• _Data excerpt_:
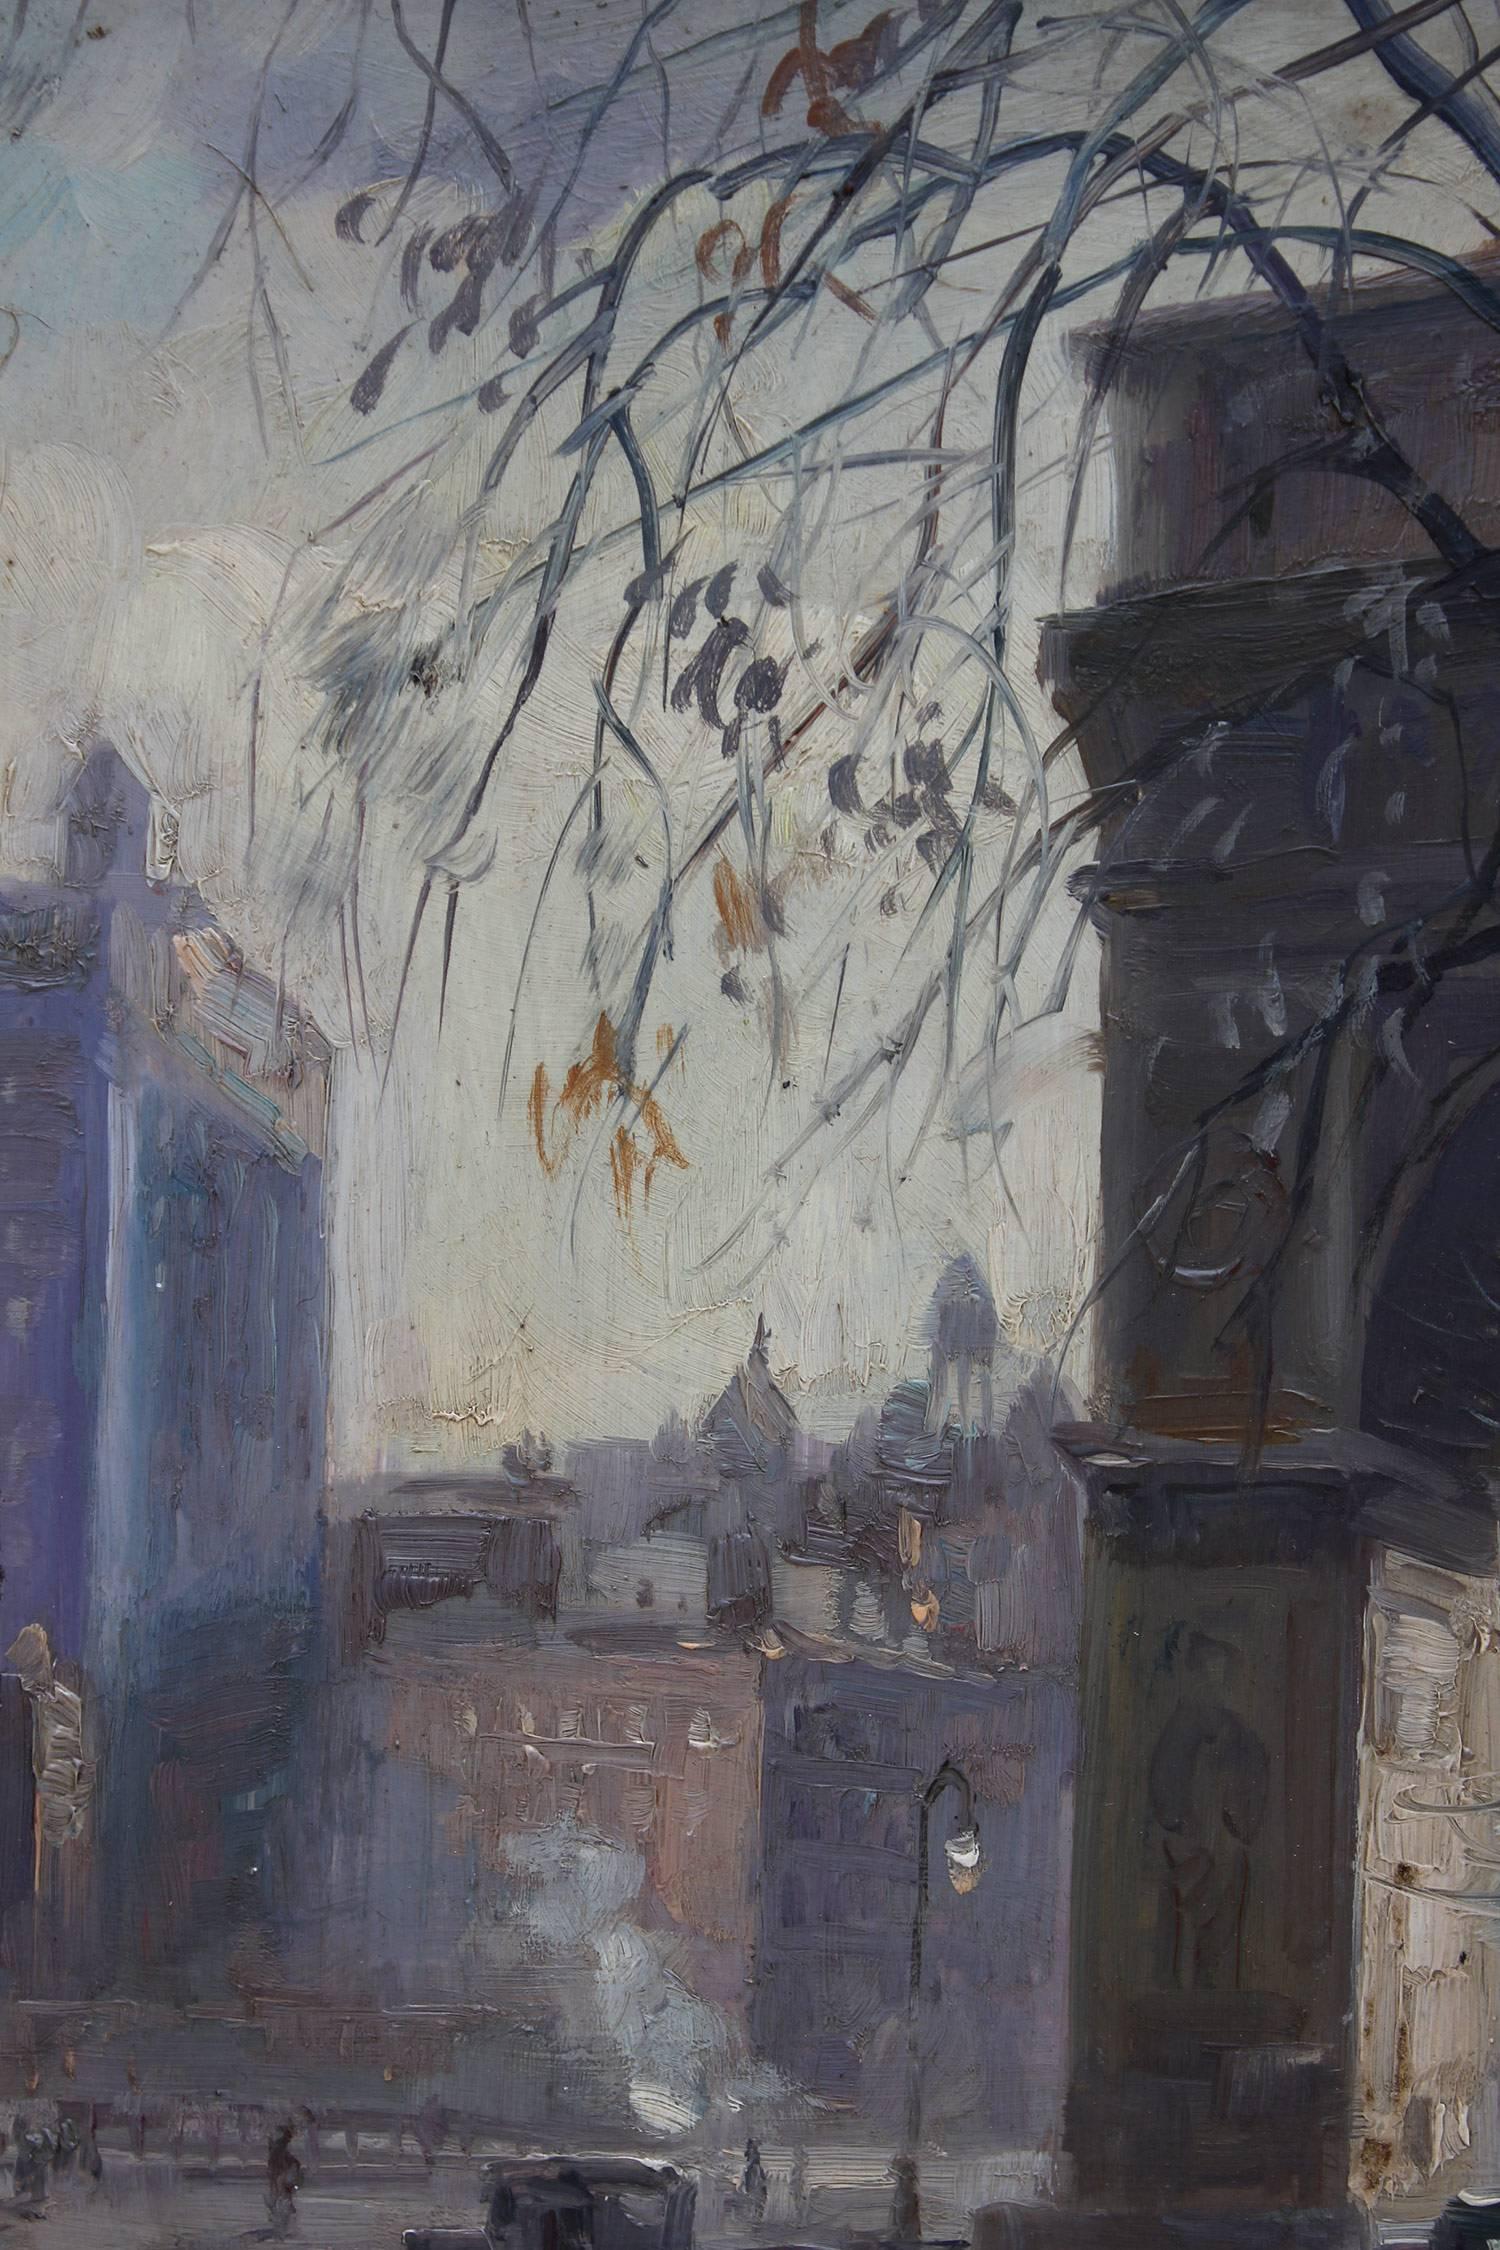 Rainy Day in Washington Square Park - Impressionist Painting by Alfred S. Mira
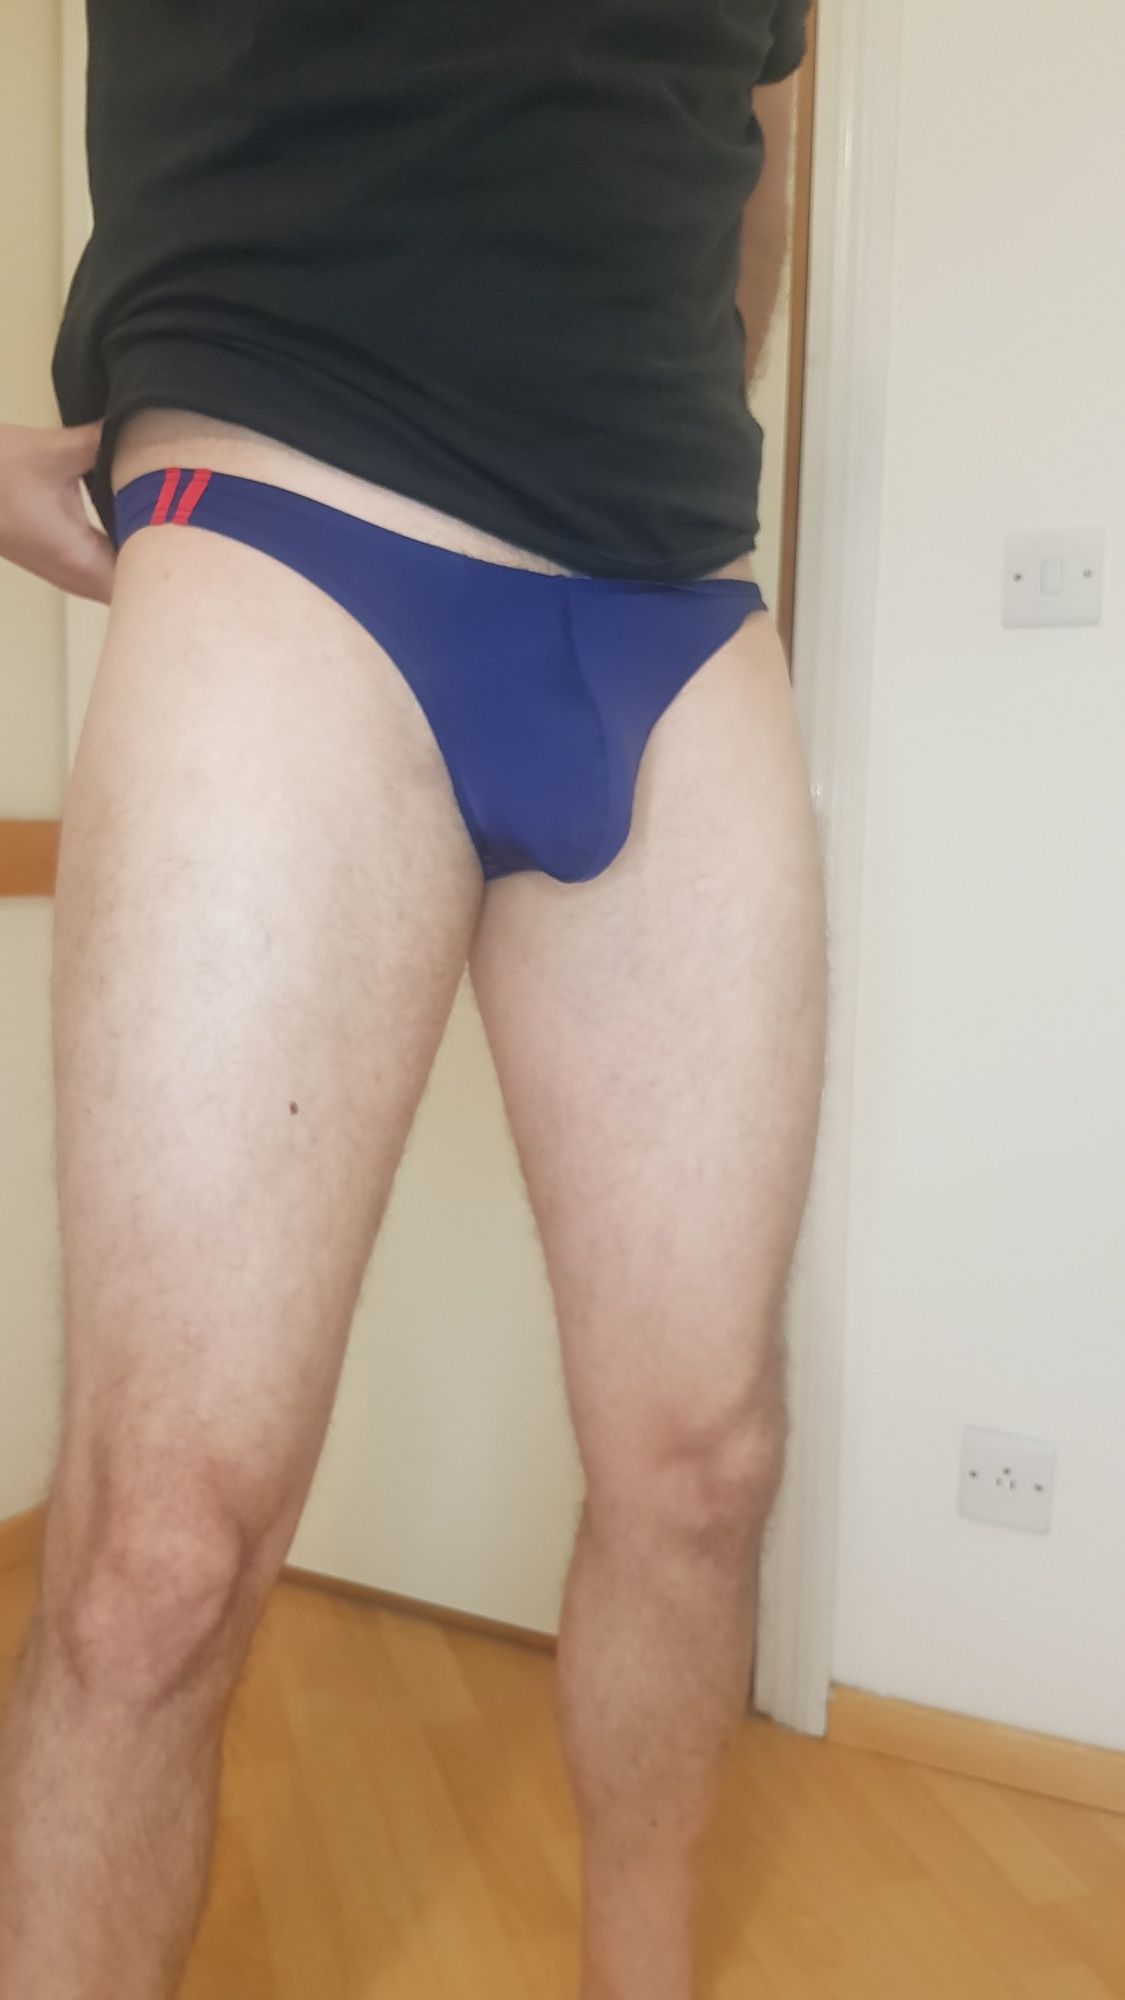 Should i go to pool in this speedos? #2
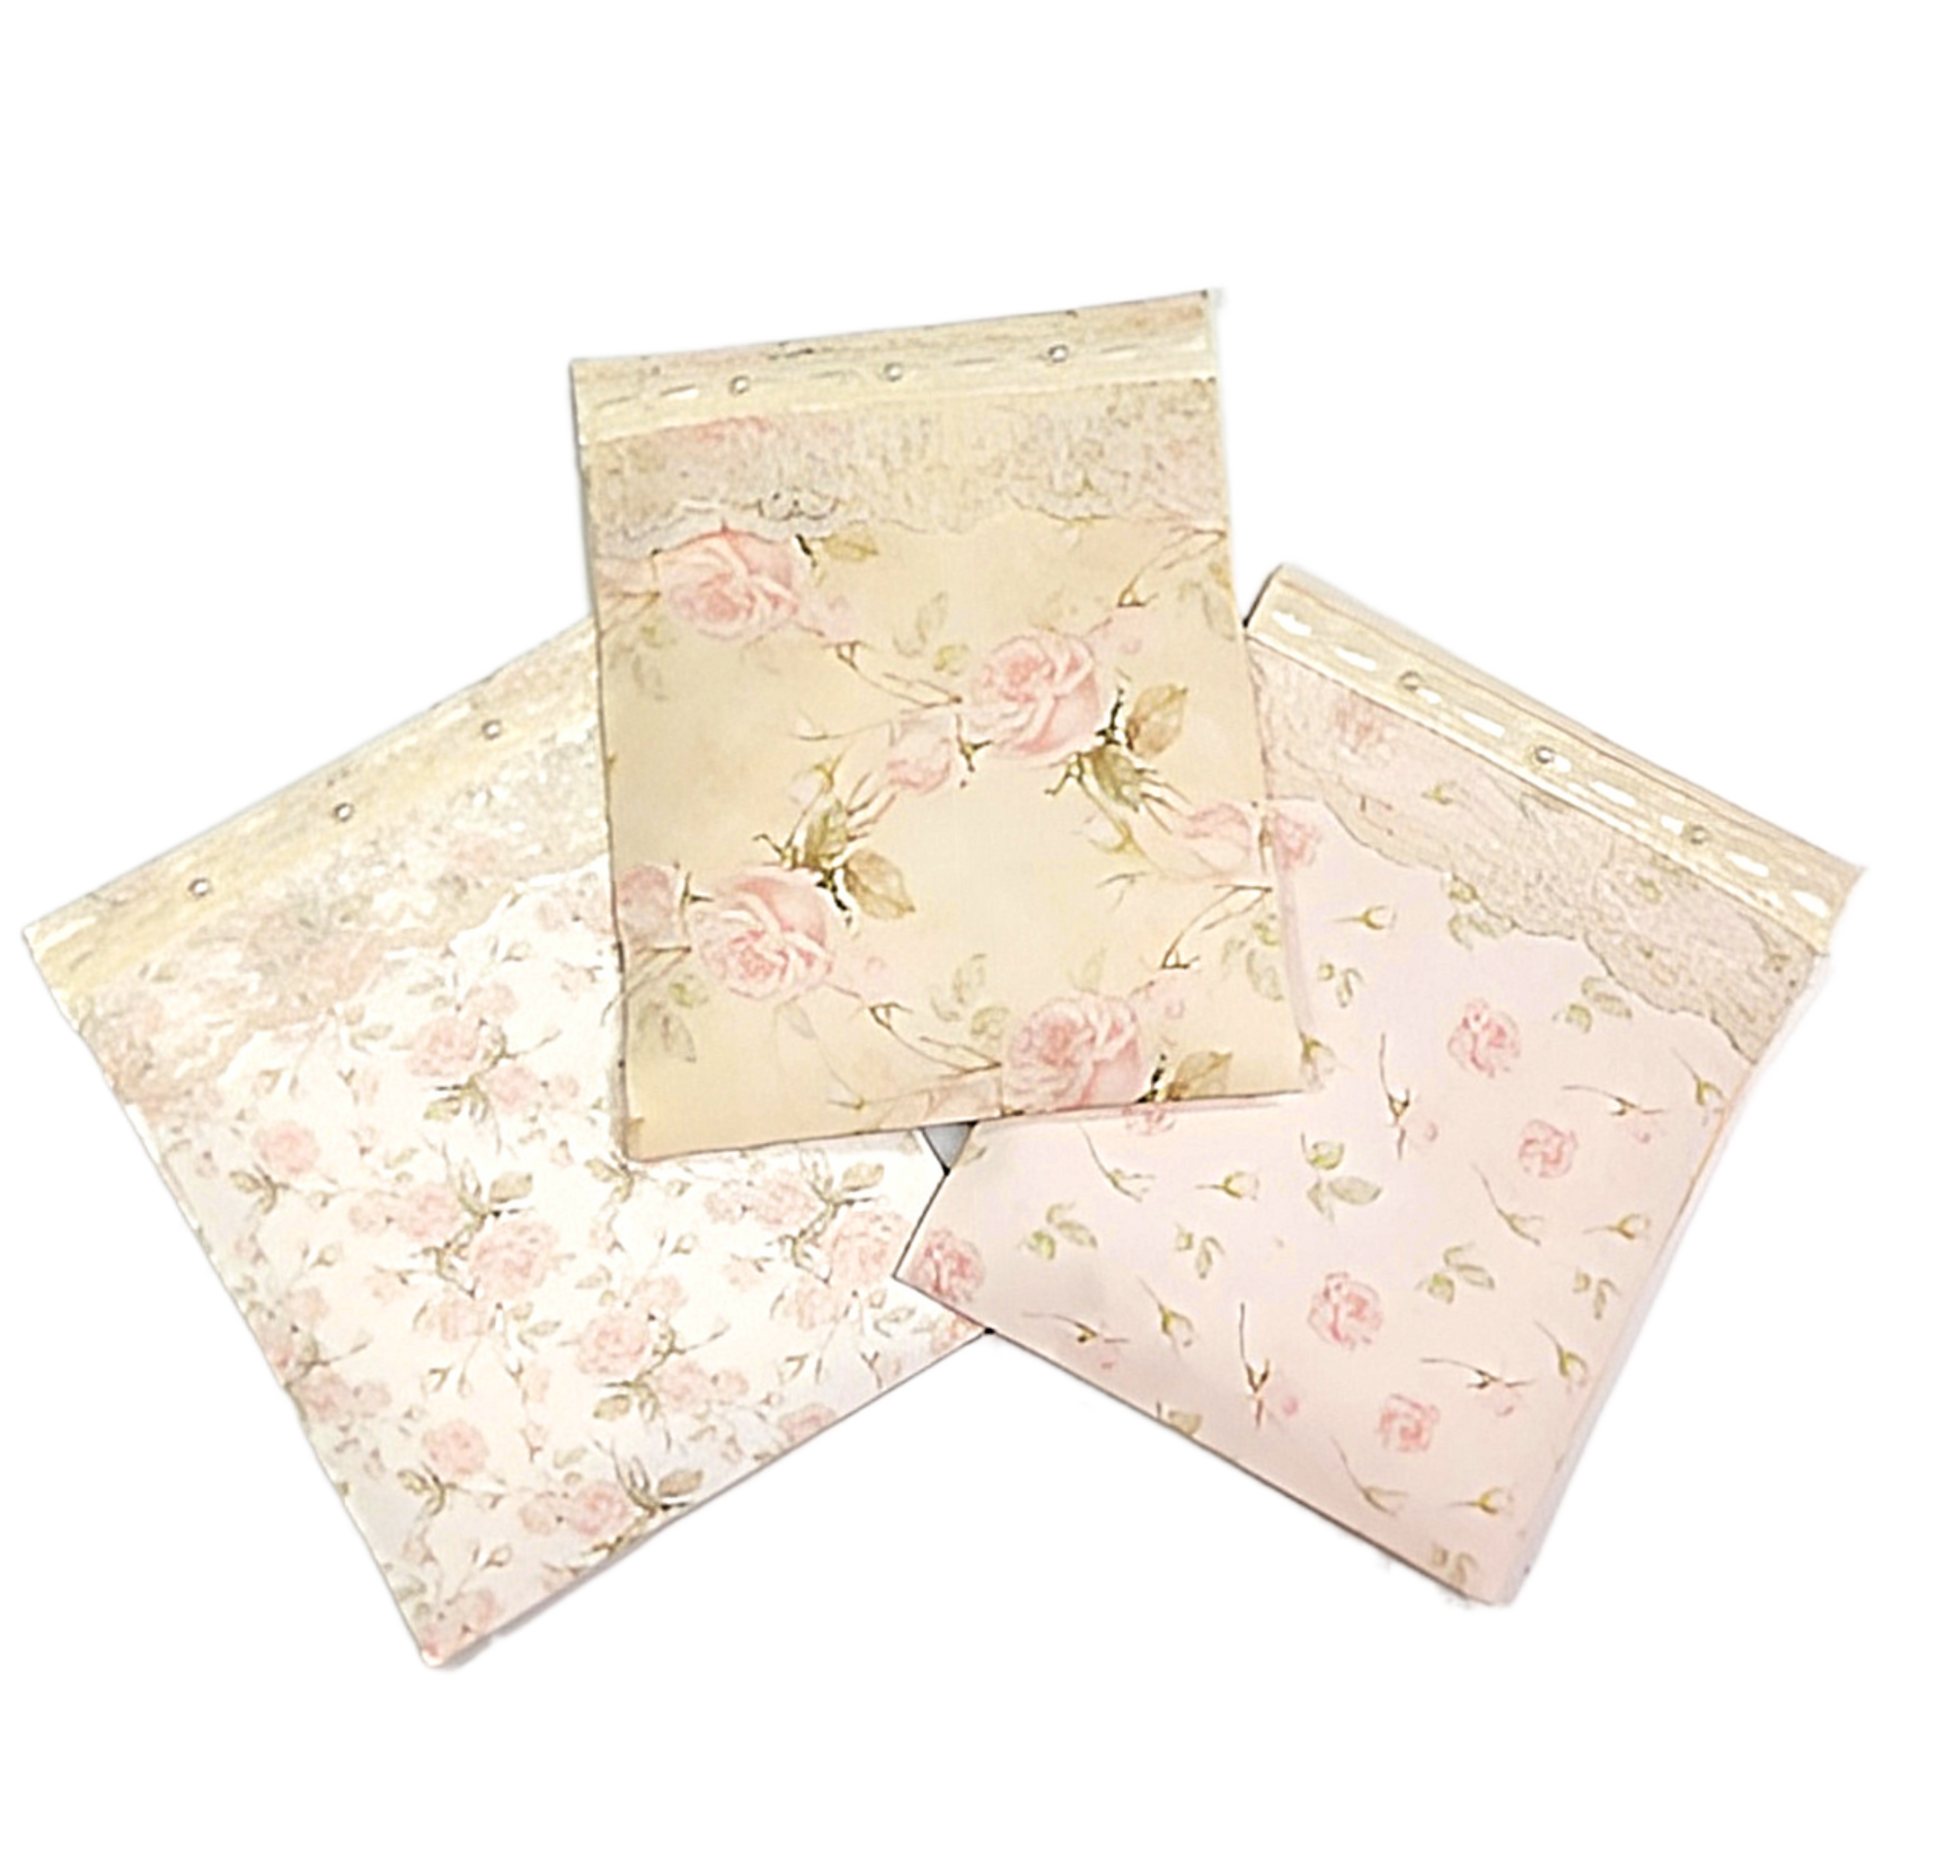 Pearls & Lace Rose Fragrance Scented Drawer & Closet Sachets, Large Size 4" x 5", 3-Pack - Chic Brico

• _What is needed_: Skipping all images, print the data above a second time exactly.

• _Solution for this exercise_:
 Rainy Day in Washington Square Park - Impressionist Painting by Alfred S. Mira
 Should i go to pool in this speedos? #2
 Pearls & Lace Rose Fragrance Scented Drawer & Closet Sachets, Large Size 4" x 5", 3-Pack - Chic Brico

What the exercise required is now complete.